A meno di colpi di scena, infatti, questo organico non sembra in grado di poter competere sul breve periodo. Oltre ad una situazione salariale di squadra che non permette di esplorare la Free Agency, anche gli asset si limitano a giocatori come Malik Beasley o pezzi da rotazione. L’unica variabile che può cambiare le carte in tavola è Anthony Edwards, che sta migliorando le prestazioni, come ci si aspettava, dal ritorno di D-Lo.

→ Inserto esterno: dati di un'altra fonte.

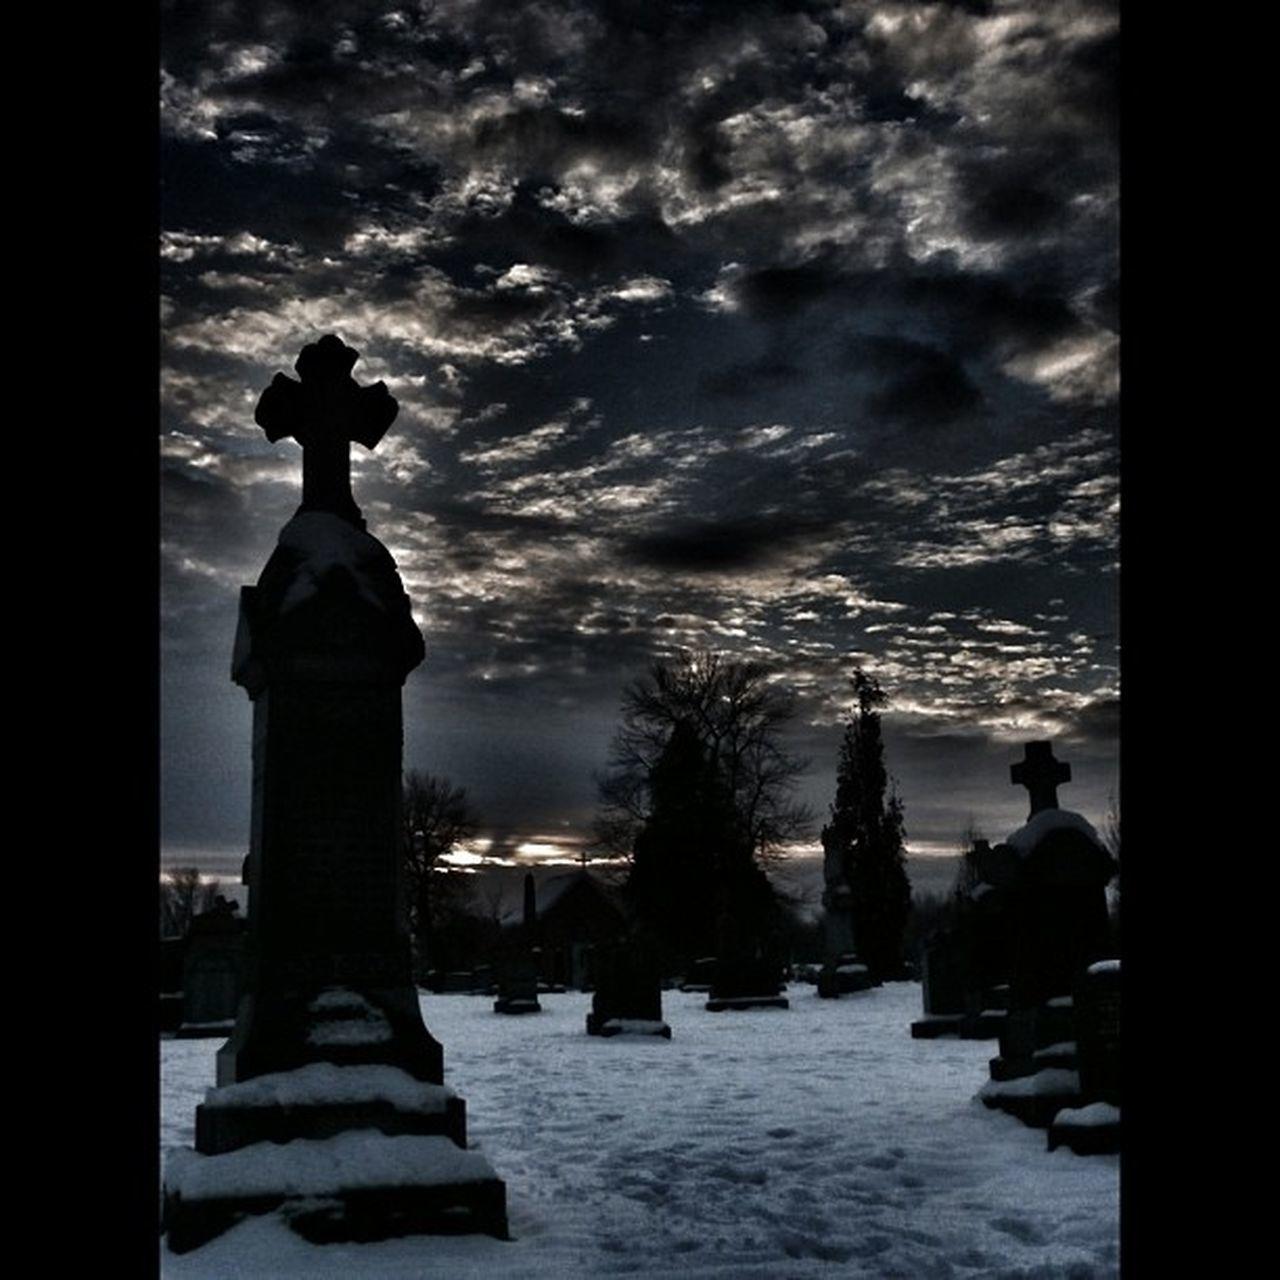 #rsa_dark #graveyard_dead #masters_of_darkness #ig_dungeon Eclectic_edits Rsa_dark Masters_of_darkness Graveyard_dead Ig_dungeon Gdark_invite Dark_captures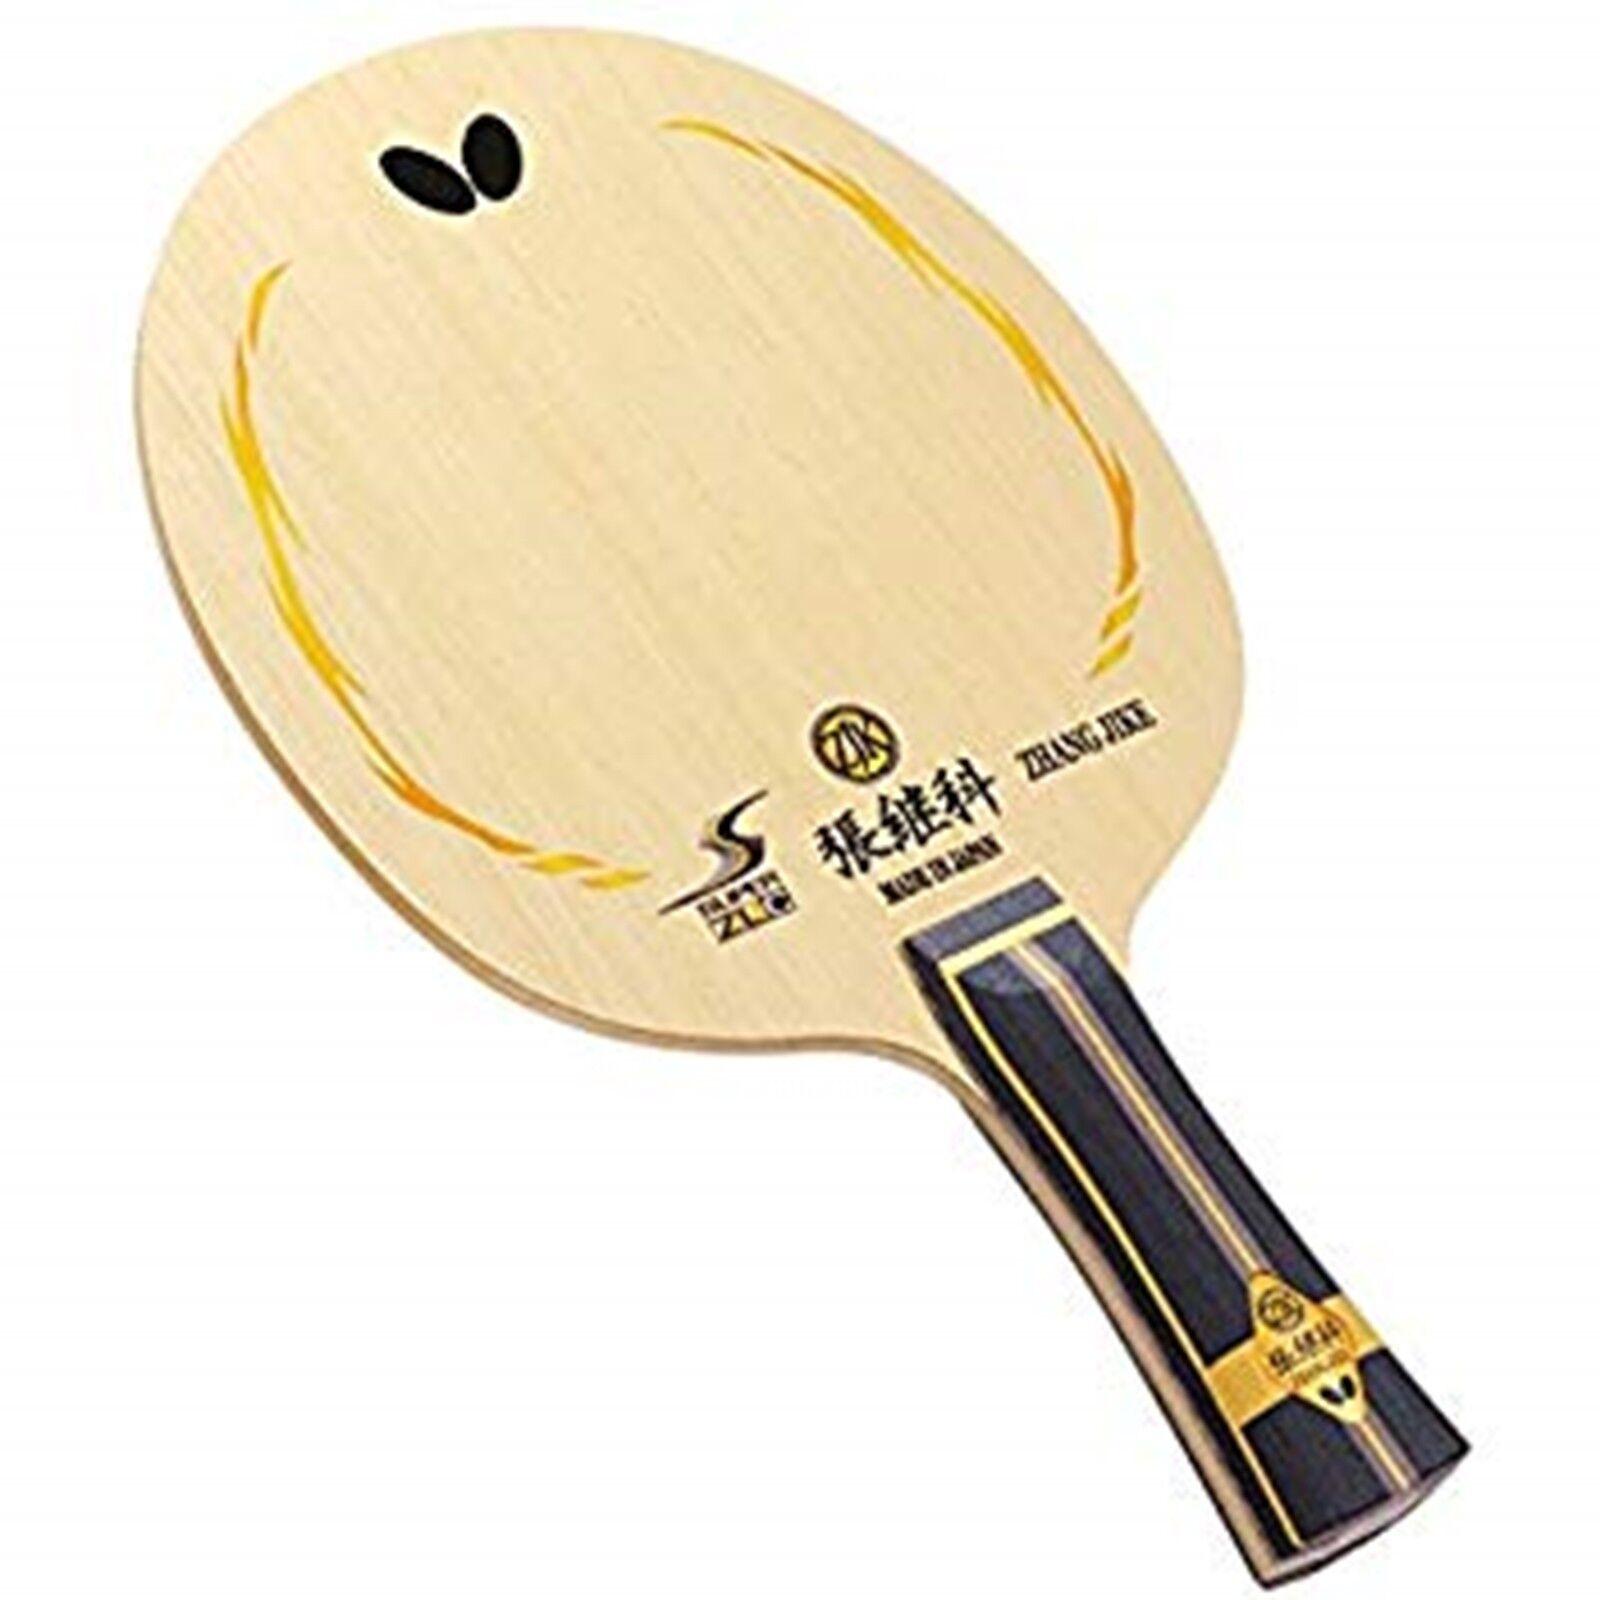 Butterfly Súper  Zlc Zhang Jike Anzuelo 36541 Mesa Raqueta de Tenis Japan Nuevo  ventas en linea

Quello che la franchigia dovrà evitare è porre KAT in condizioni talmente estenuanti al punto che desideri partire prima della fine del contratto. In questo caso, visto il talento e l’età, per cui si parla del giocatore dal trade value probabilmente più alto dell’intera Lega, gli incubi che dovrebbero ricorrere nelle notti dei Timberwolves potrebbero avere la forma della questione-Harden.

Il tipo di capitale mobilitato, invece, nonché la somiglianza maggiore, potrebbero essere legate alla figura di Anthony Davis, nel passaggio dai Pelicans ai Lakers. Il che, se non arrivassero risultati clamorosi ma si cercasse comunque di costruire un contesto competitivo nei prossimi anni, potrebbe rivelarsi lo scenario più plausibile.

Tirando le somme

Qual è il risultato? Una somma dei fattori.

Quello che i primi due argomenti cercano di dimostrare è che, per quante voci possano esserci attualmente, non ci sono indizi che inducano a pensare ad una partenza imminente di Towns.

Con gli altri tre punti, invece, traspare una situazione di stallo. Il non aver mai assemblato niente di credibile mette senza dubbio pressioni ai Timberwolves, che ora sono costretti a un all-in per creare una miscela che, come minimo, permetta di arrivare per due anni consecutivi ai Playoffs. L’organico giovane e inesperto, ma promettente, sommato a una superstar e a un secondo violino eccellente, sono un’ottima base. Soprattutto se D-Lo è nelle grazie del tuo talento generazionale.

In fin dei conti, quindi: 3+2=5, come gli anni che KAT ha trascorso a Minnesota dal suo debutto. Se i T-Wolves vogliono che siano molti di più, in prospettiva, dovranno trasformare la prospettiva stessa in realtà il più in fretta possibile.